■ **WHAT YOU SHOULD DO**:
Transcribe only the lines in the data below falling between the line with "Metal Rectangular Floor" and the line with "B. toys - Bug Catcher Kit With Net", including those two lines, and leave out any picture.

(DATA FOR THIS TASK Opens)

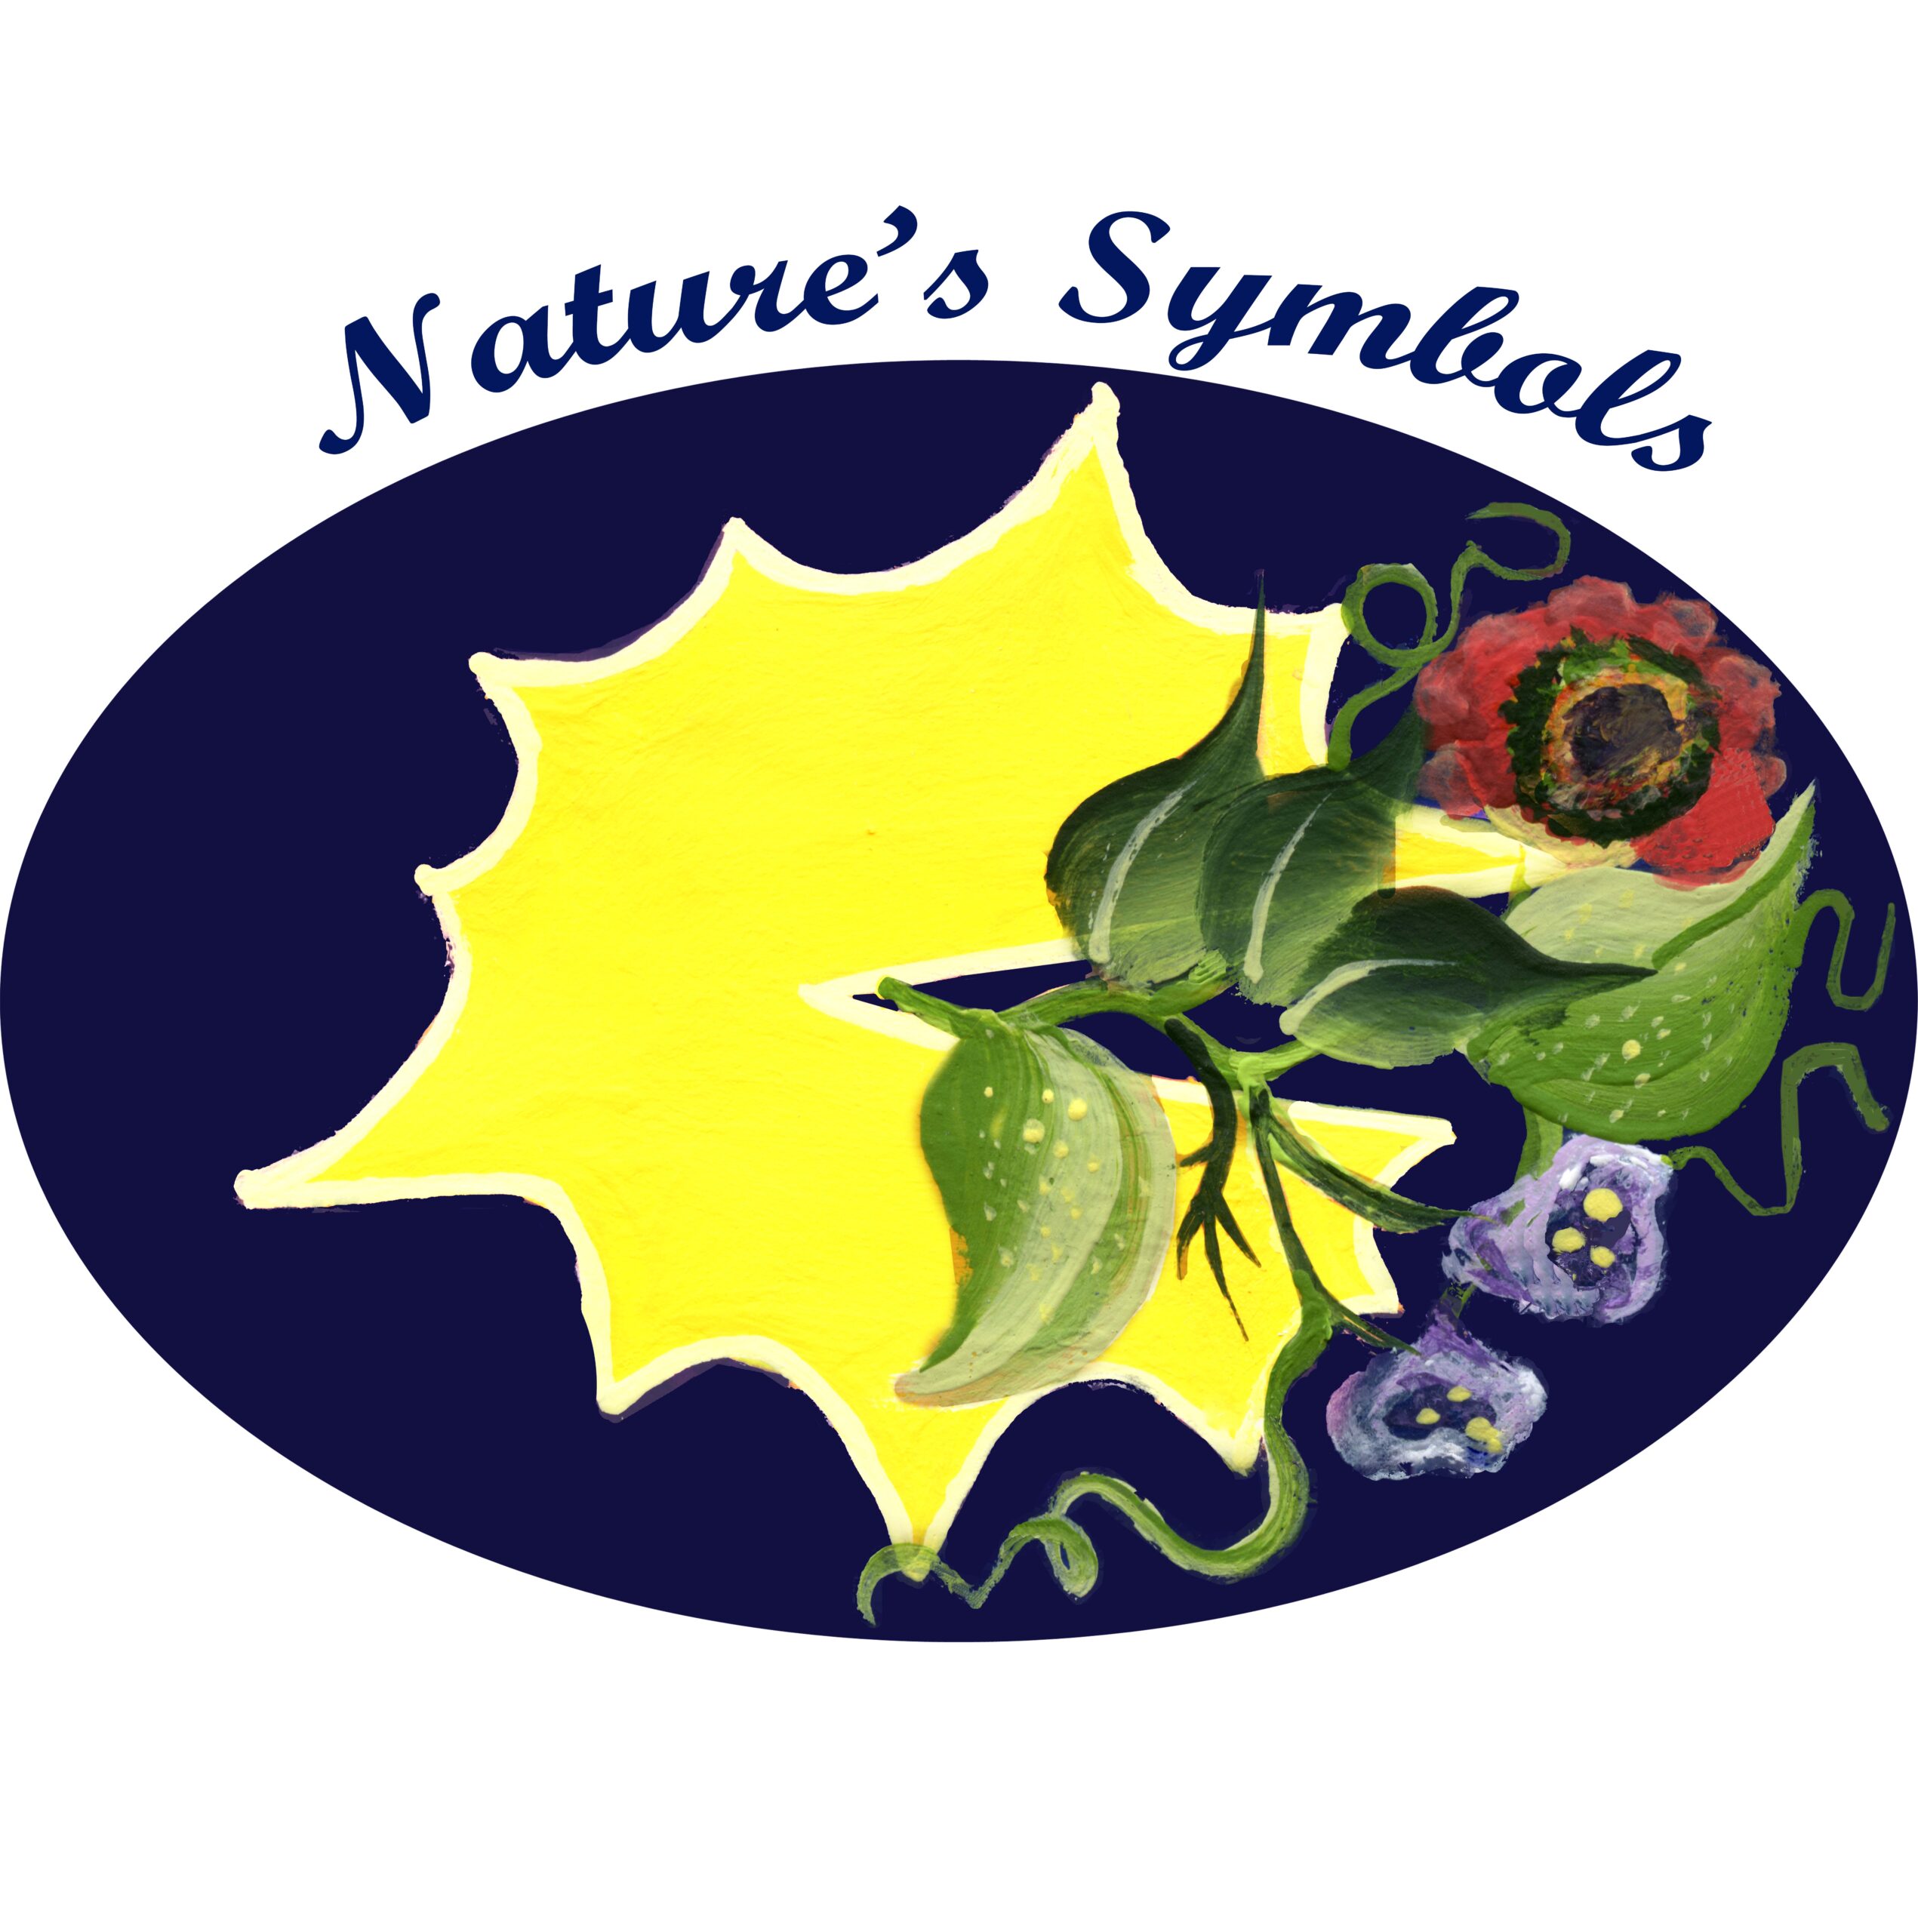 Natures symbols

(DATA FOR THIS TASK Closes)
(DATA FOR THIS TASK Opens)

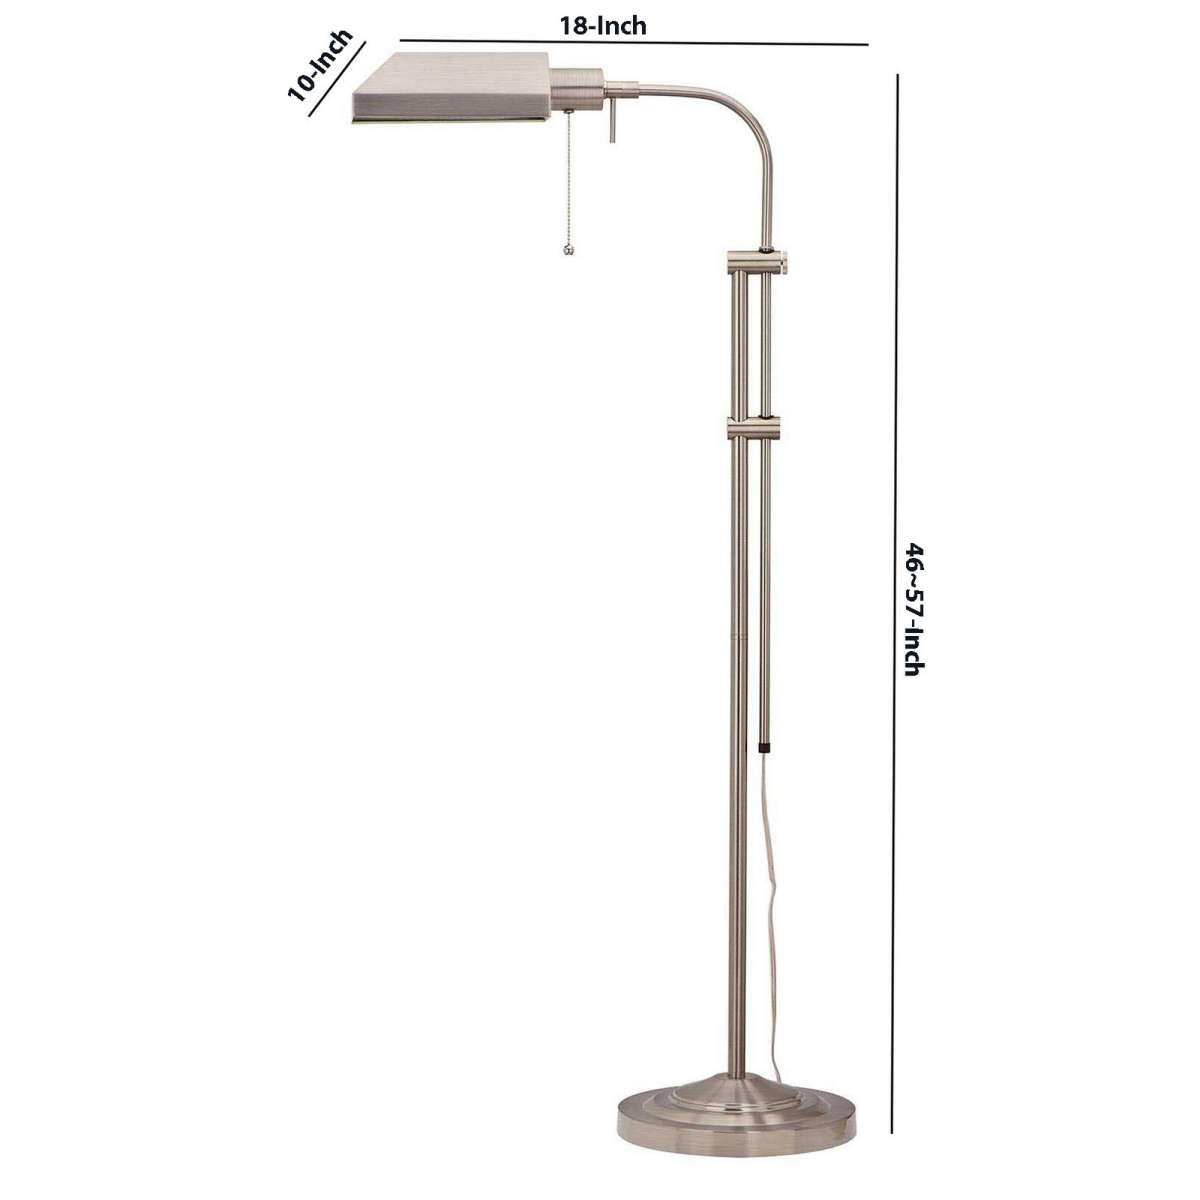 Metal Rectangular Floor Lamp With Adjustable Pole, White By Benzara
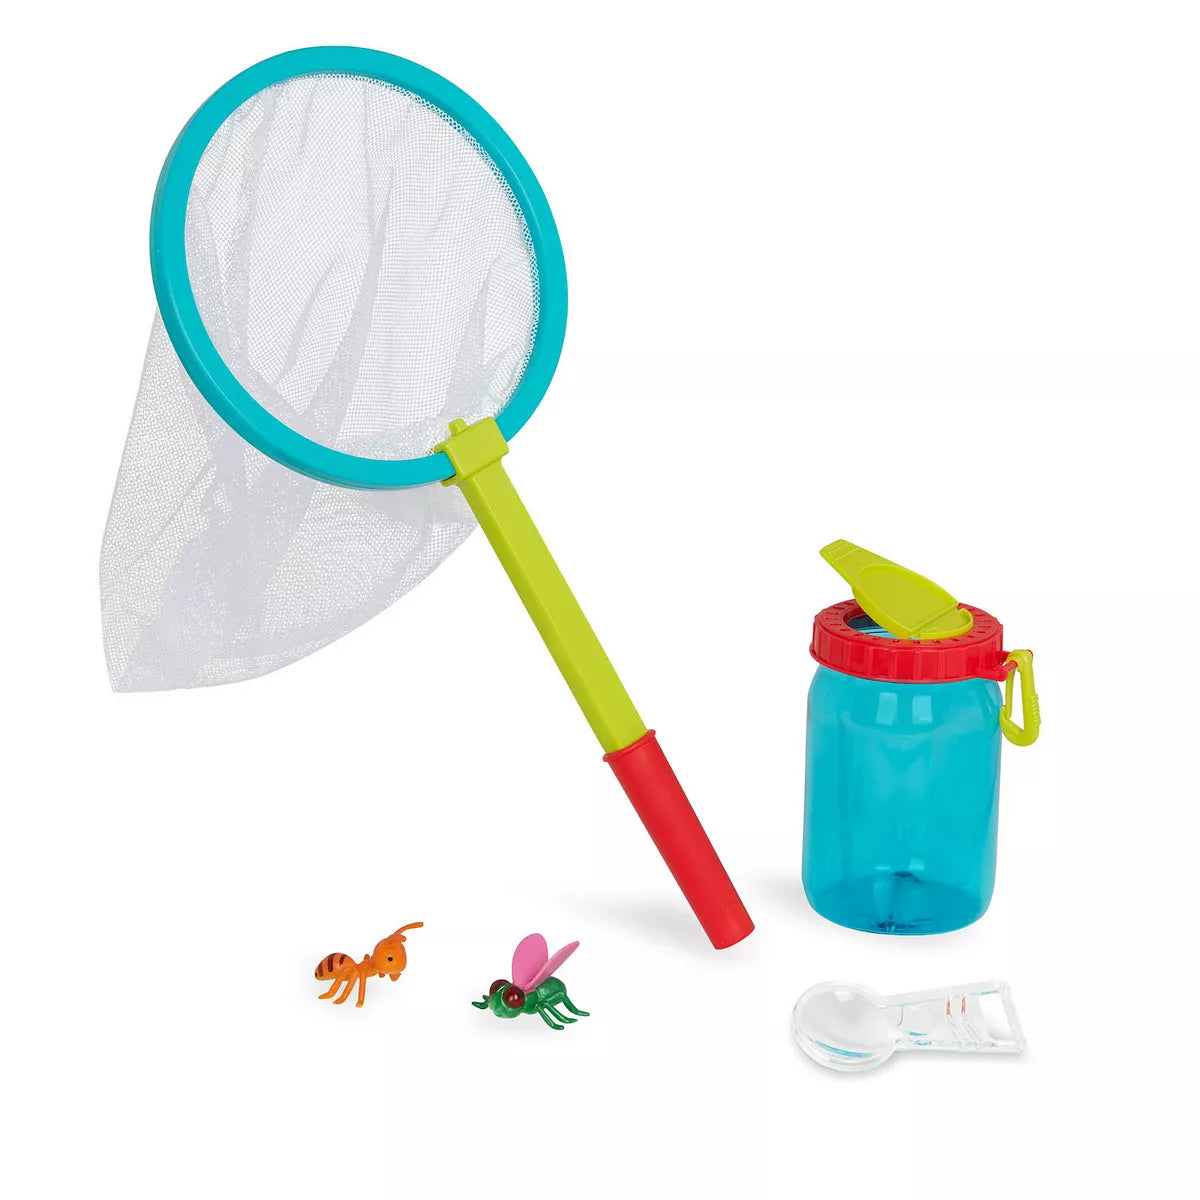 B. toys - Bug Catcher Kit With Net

(DATA FOR THIS TASK Closes)

■ **RESULT OF THIS EXERCISE**:
 Metal Rectangular Floor Lamp With Adjustable Pole, White By Benzara
 B. toys - Bug Catcher Kit With Net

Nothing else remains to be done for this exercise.